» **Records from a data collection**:

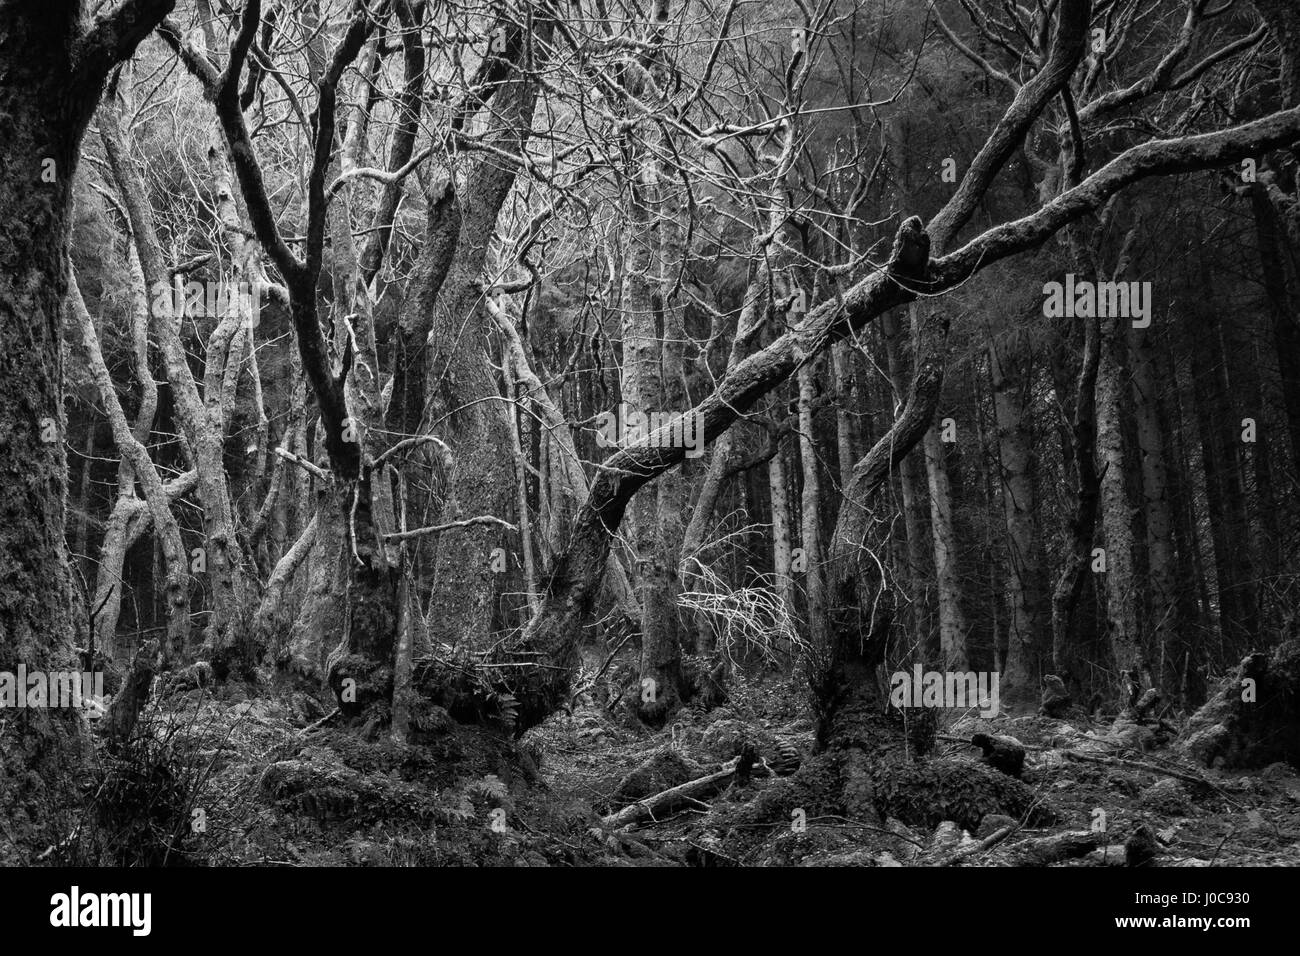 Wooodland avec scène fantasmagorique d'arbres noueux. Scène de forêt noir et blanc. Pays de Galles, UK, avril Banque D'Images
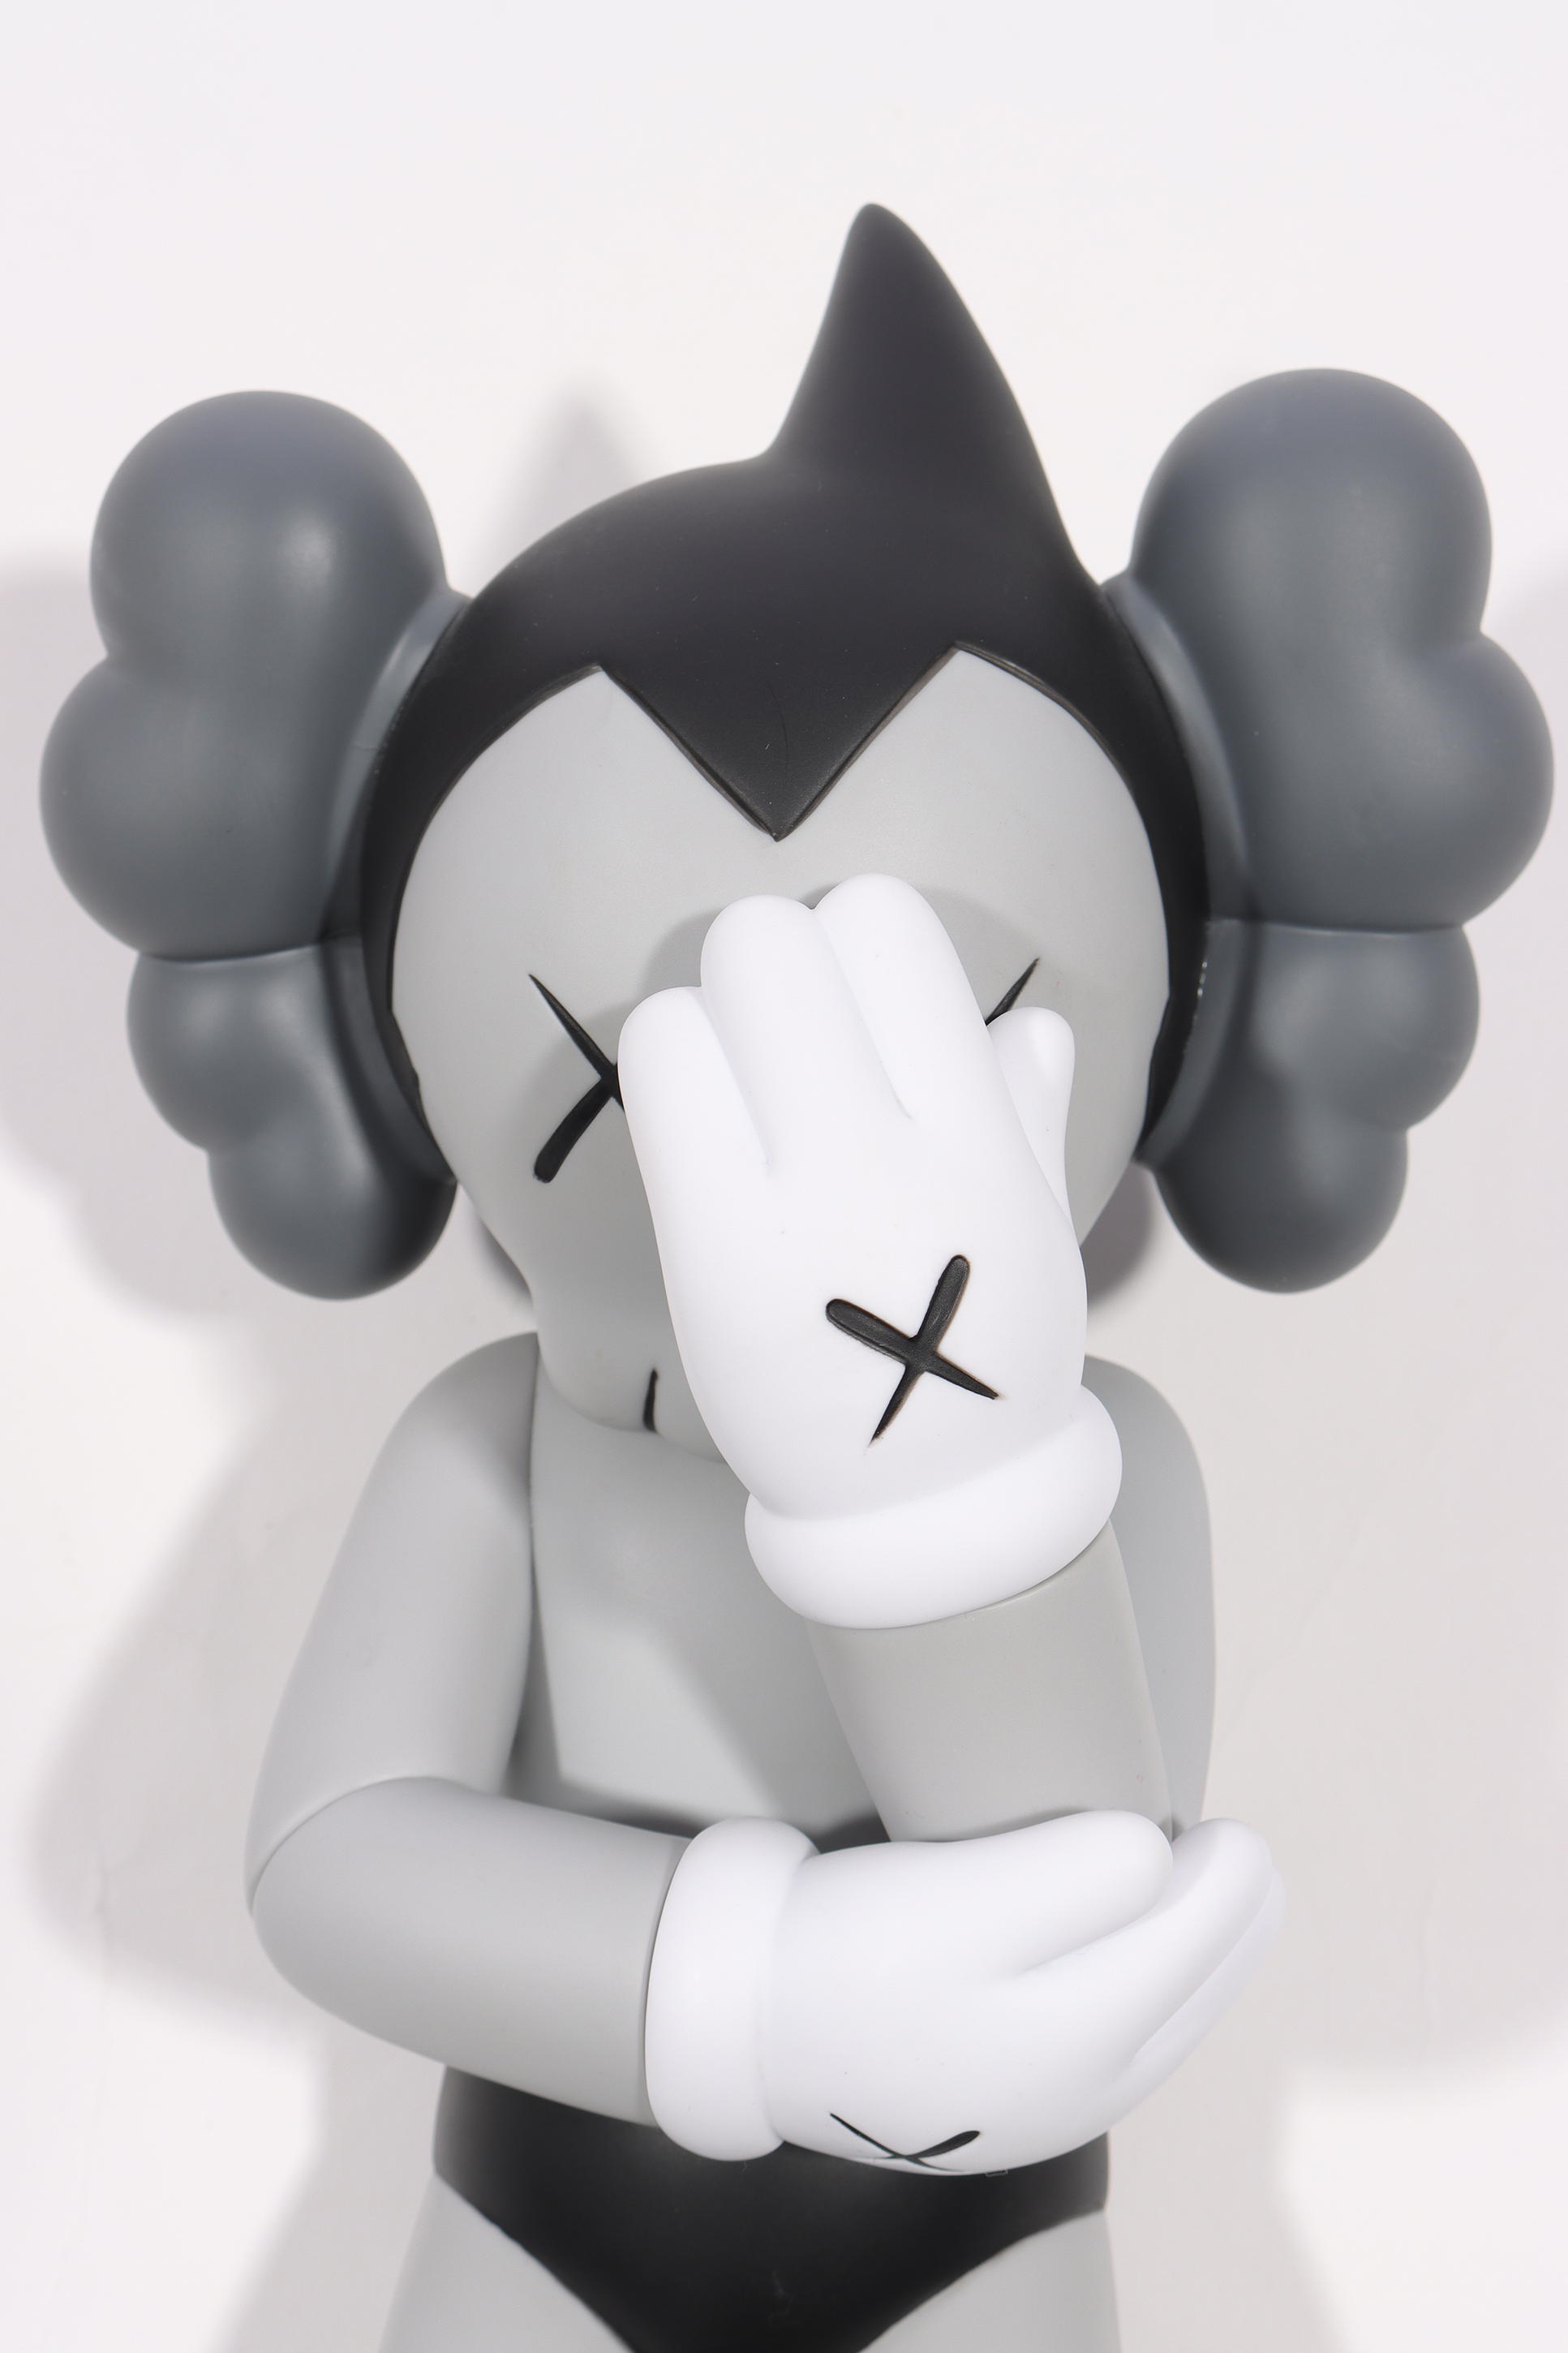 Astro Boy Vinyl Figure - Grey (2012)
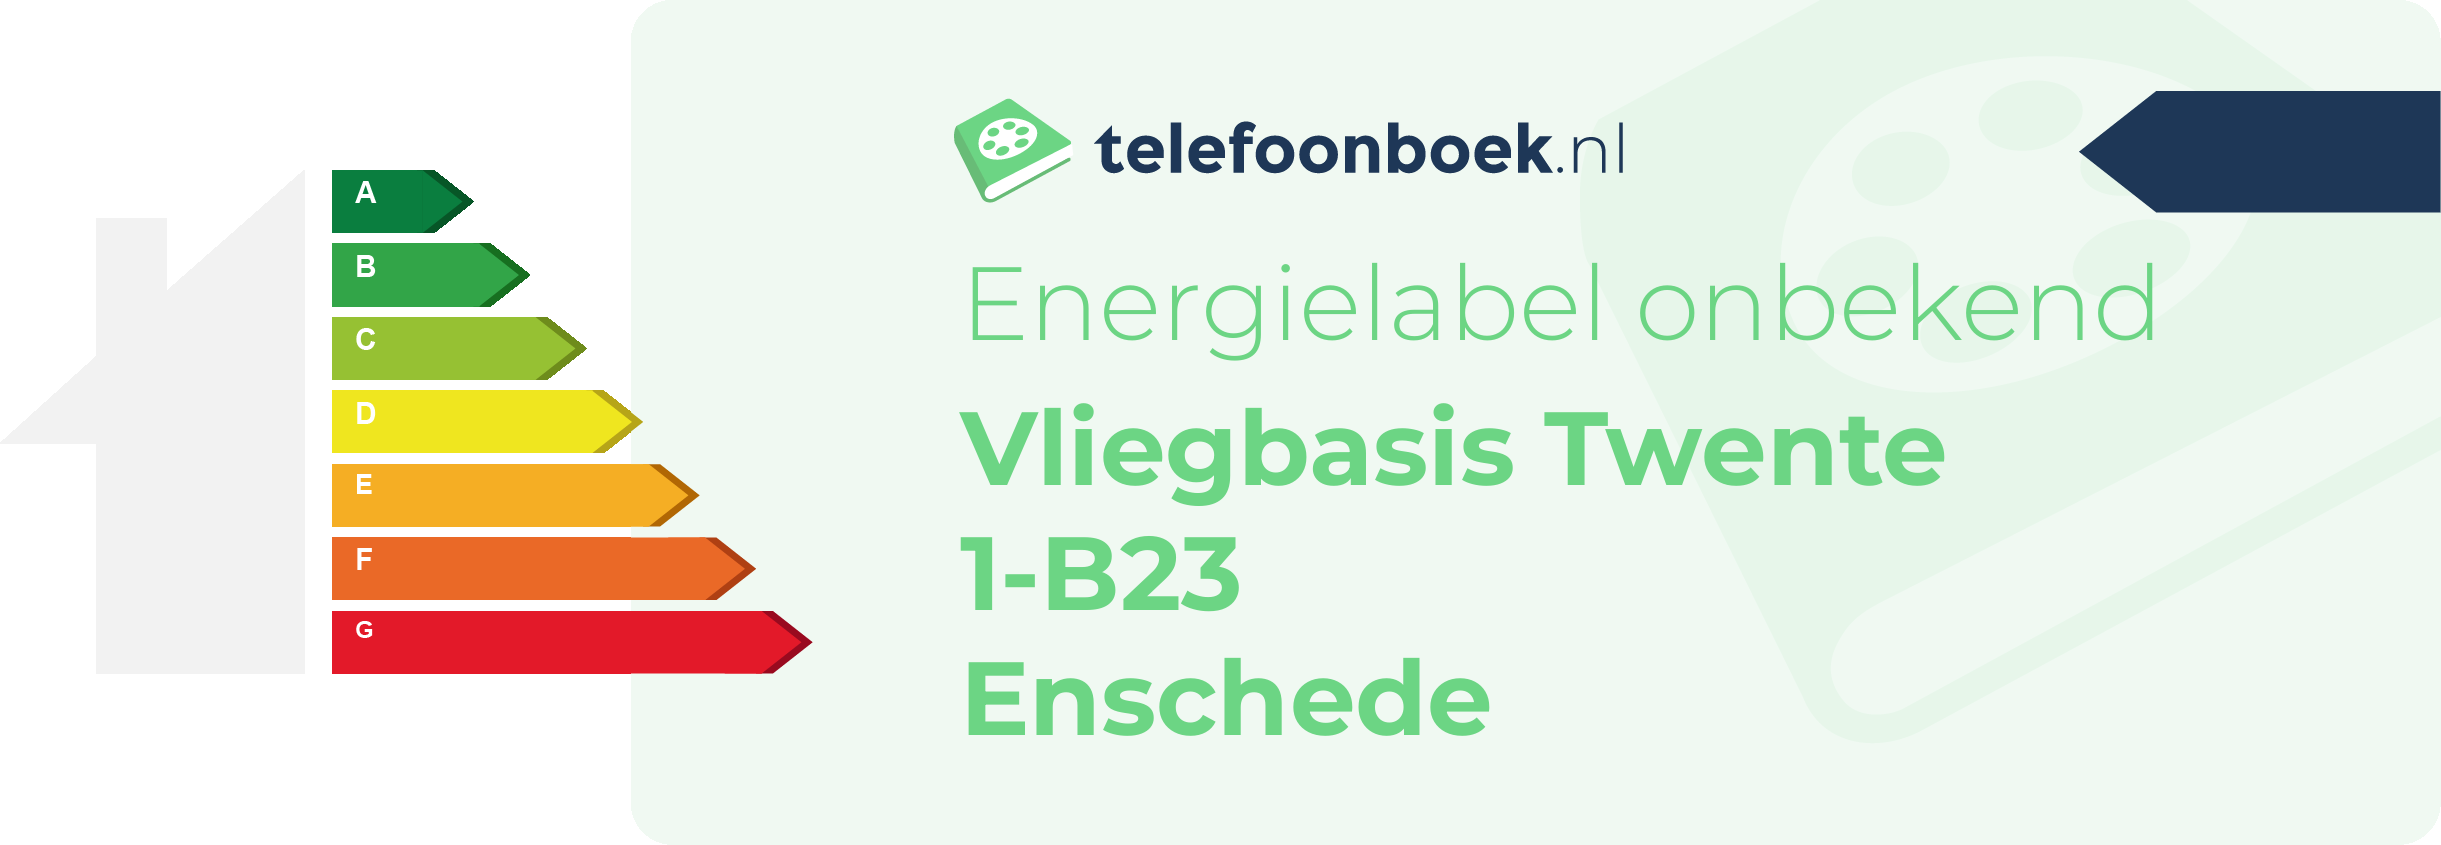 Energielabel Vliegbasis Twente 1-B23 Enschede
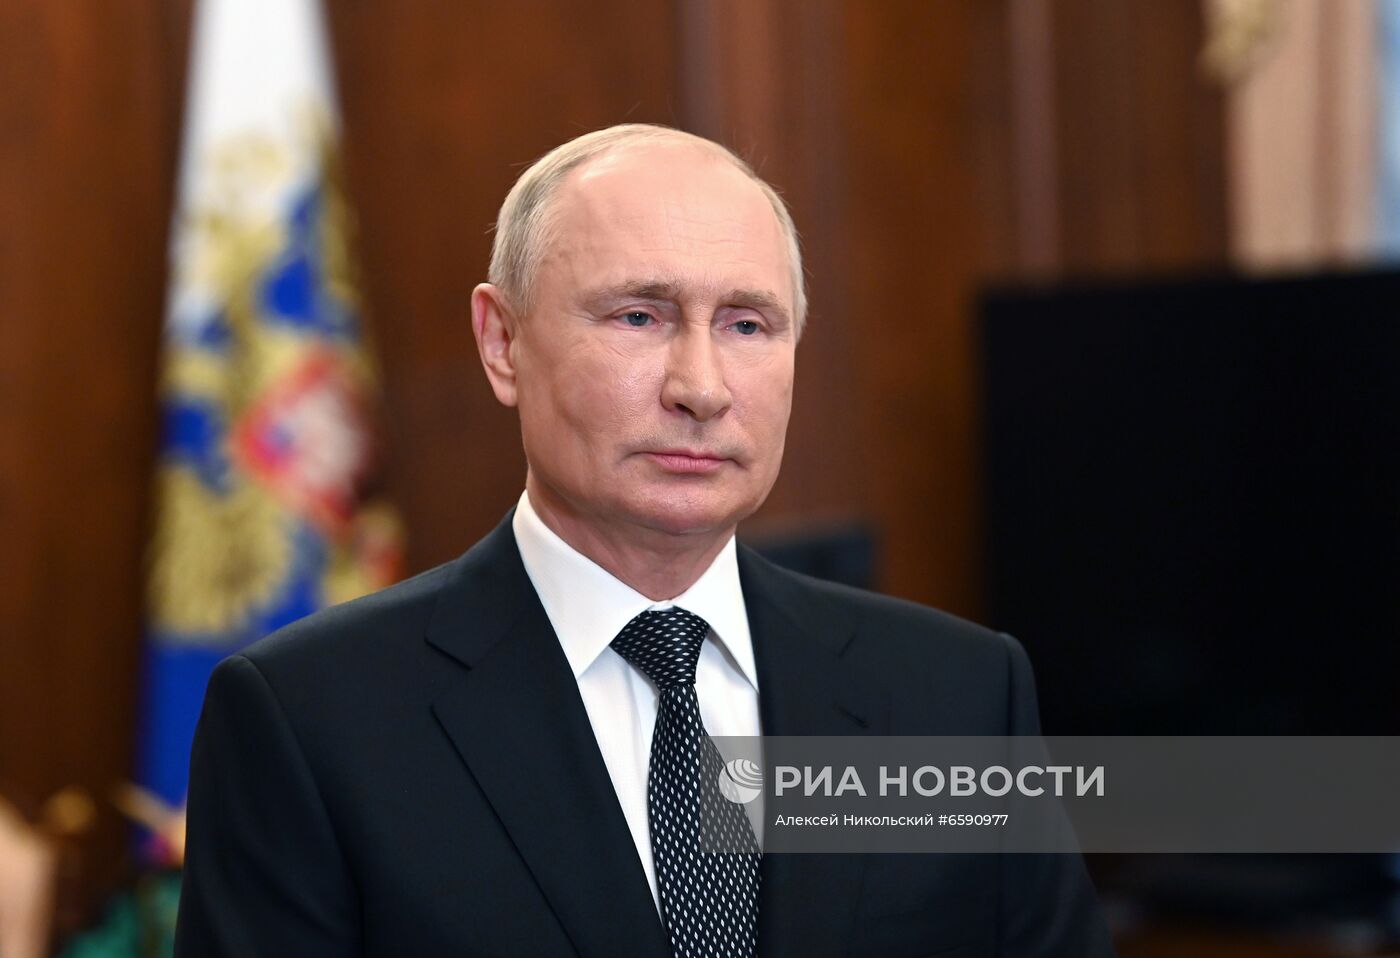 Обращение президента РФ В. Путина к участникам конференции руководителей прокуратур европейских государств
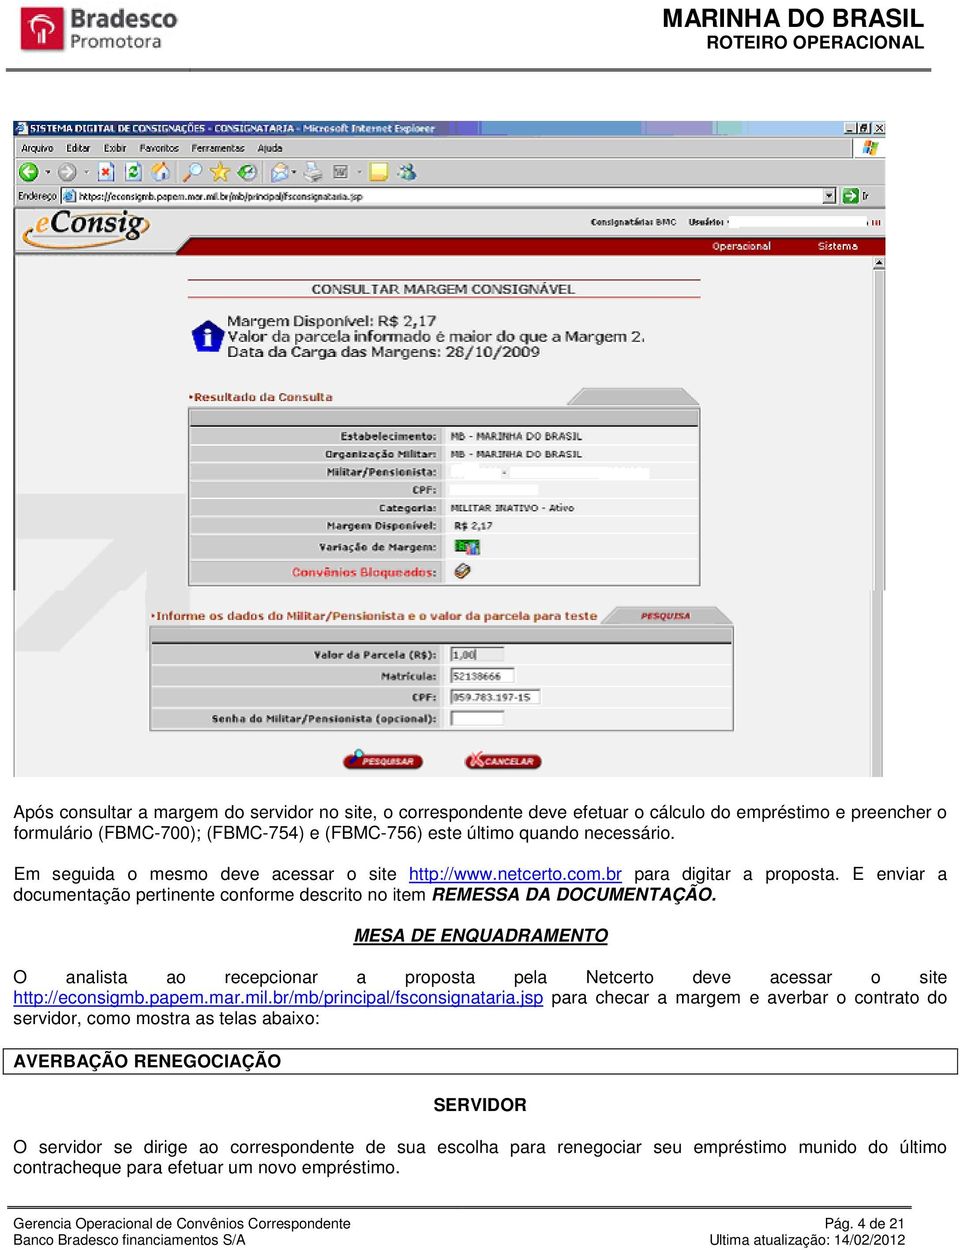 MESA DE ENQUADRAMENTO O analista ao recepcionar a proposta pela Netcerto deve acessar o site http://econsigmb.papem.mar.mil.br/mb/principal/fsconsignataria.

» **Exercise instructions**: Starting at the line that contains "Обращение президента РФ", transcribe each line through the last one of the entries above, exactly and without pictures.

» **Result for this task**:
 Обращение президента РФ В. Путина к участникам конференции руководителей прокуратур европейских государств
 MESA DE ENQUADRAMENTO O analista ao recepcionar a proposta pela Netcerto deve acessar o site http://econsigmb.papem.mar.mil.br/mb/principal/fsconsignataria.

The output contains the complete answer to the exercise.